PROVIDED MATERIAL:
+---+

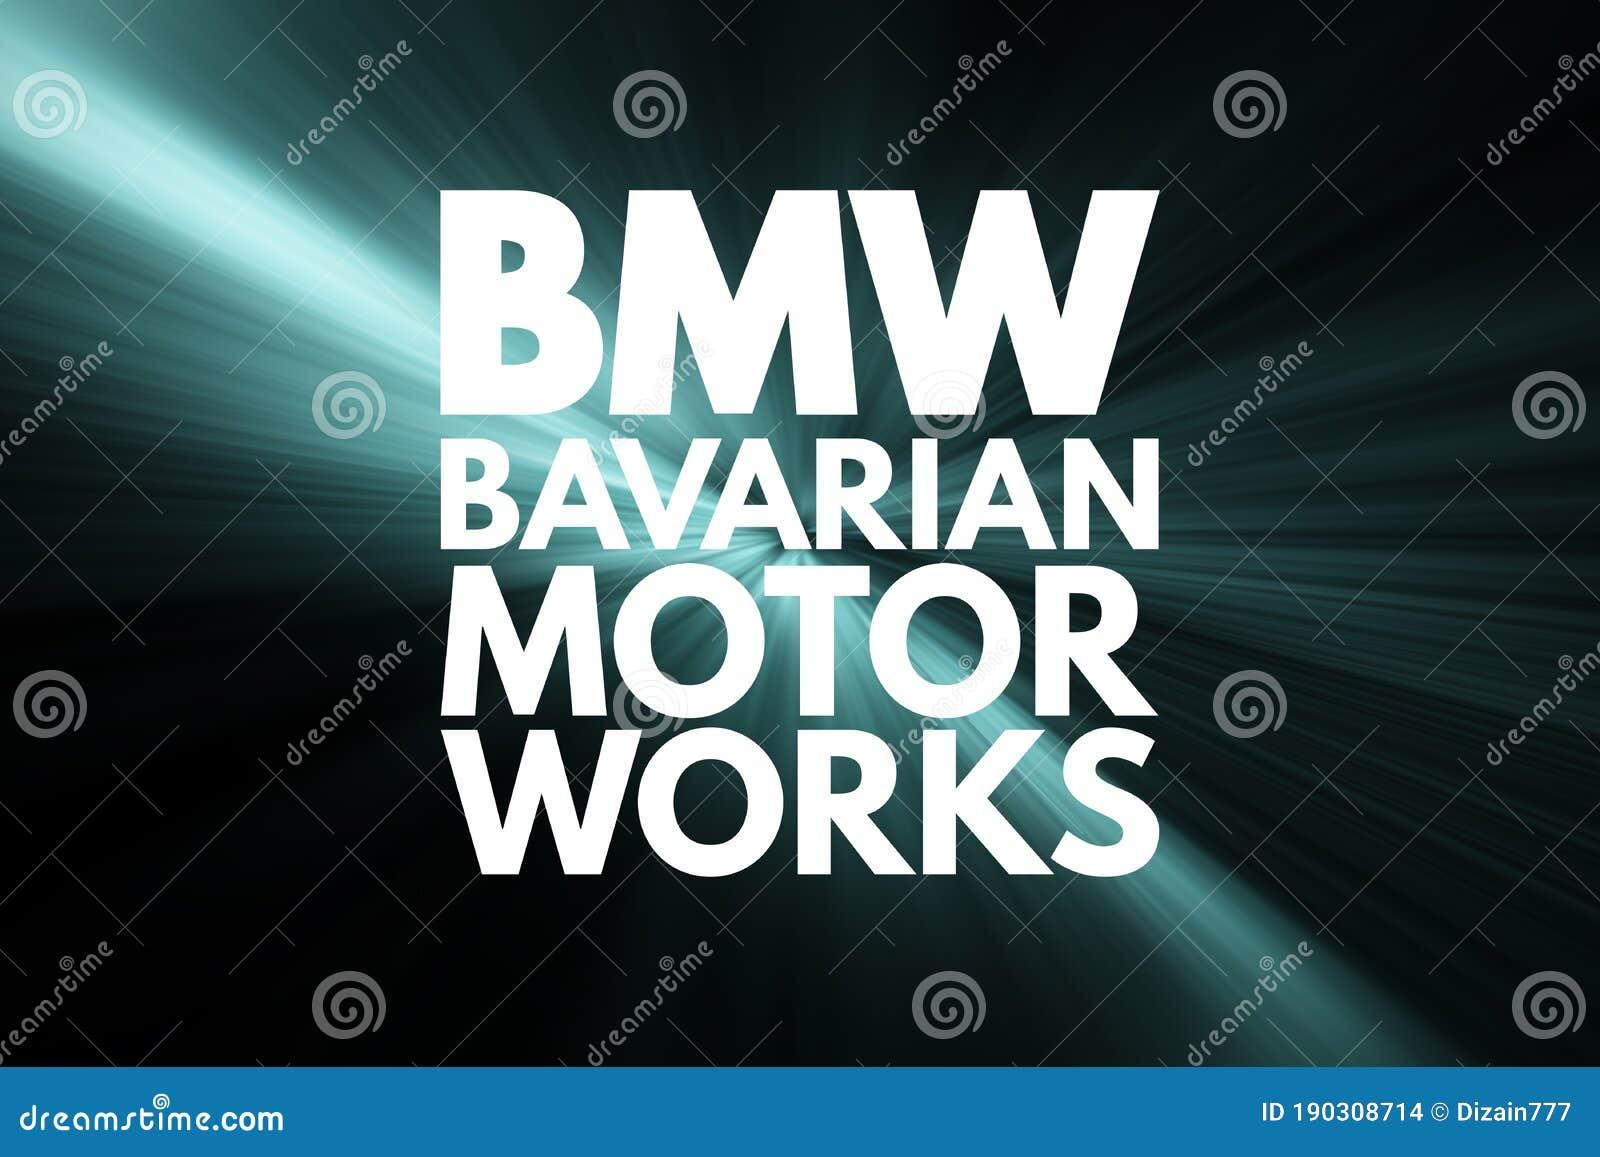 Bmw Bavarian Motor Works Acronym Concept Background Stock Illustration Illustration Of Abbreviation Deutschland 190308714
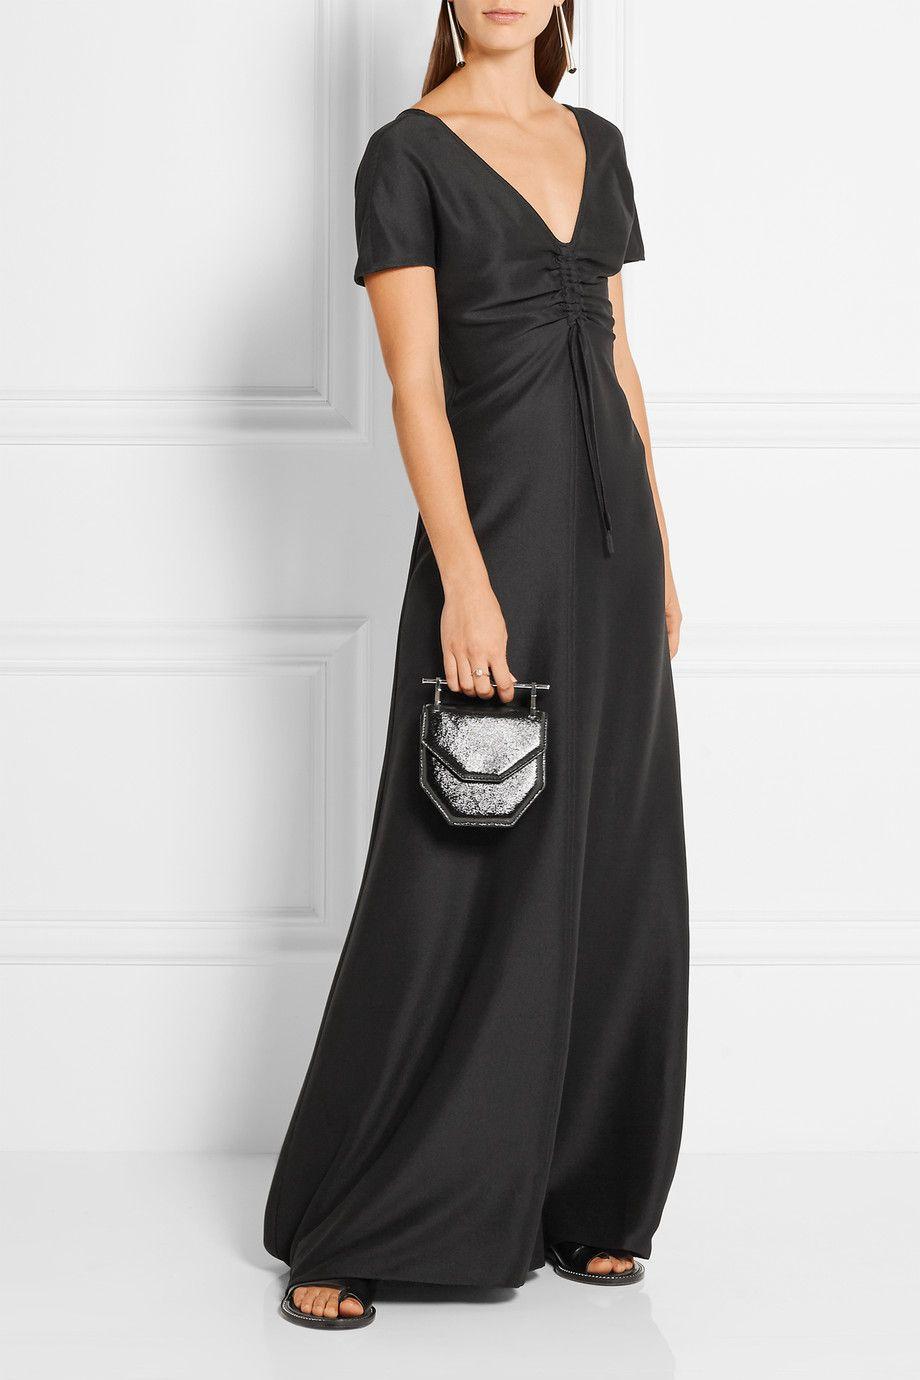 Barbara casasola silk crepe de chine maxi dress a modern
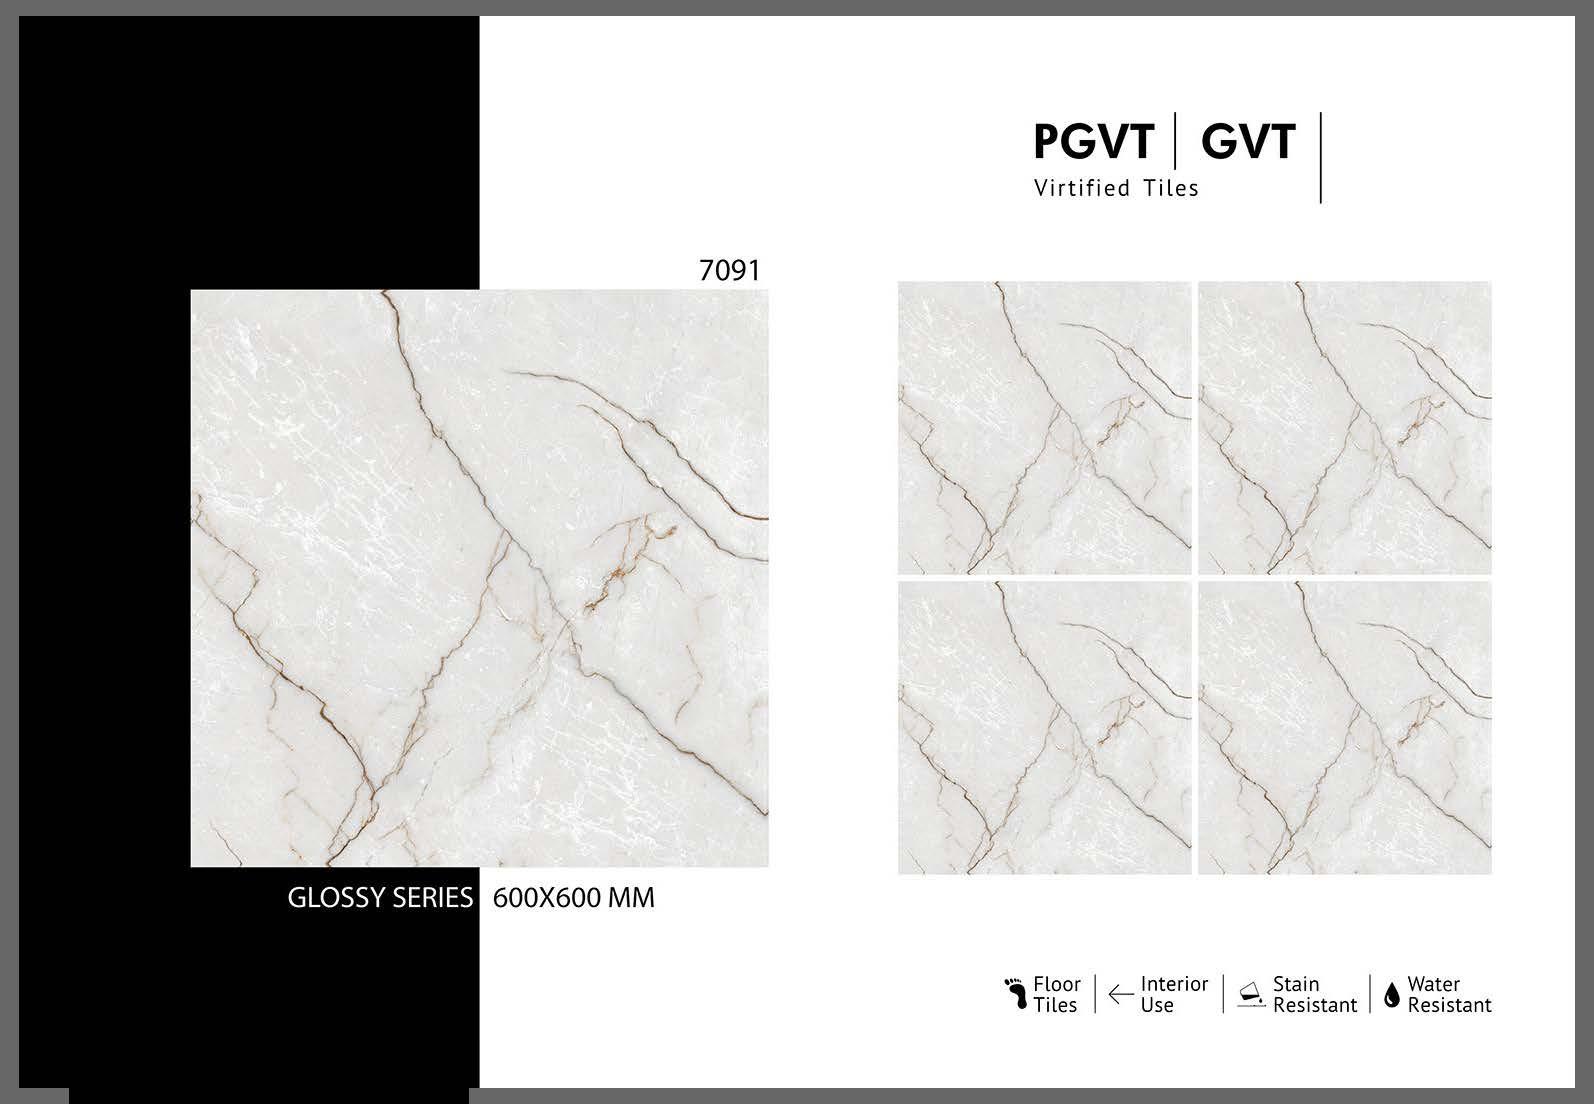 GVT 2X2 GLOSSY_Page_78.jpg

+---+

WHAT THE EXERCISE ASKS:
Would you transcribe all of the data exactly, omitting any pictures?

SOLUTION FOR THIS TASK:
 Bmw Bavarian Motor Works Acronym Concept Background Stock Illustration Illustration Of Abbreviation Deutschland 190308714
 Barbara casasola silk crepe de chine maxi dress a modern
 GVT 2X2 GLOSSY_Page_78.jpg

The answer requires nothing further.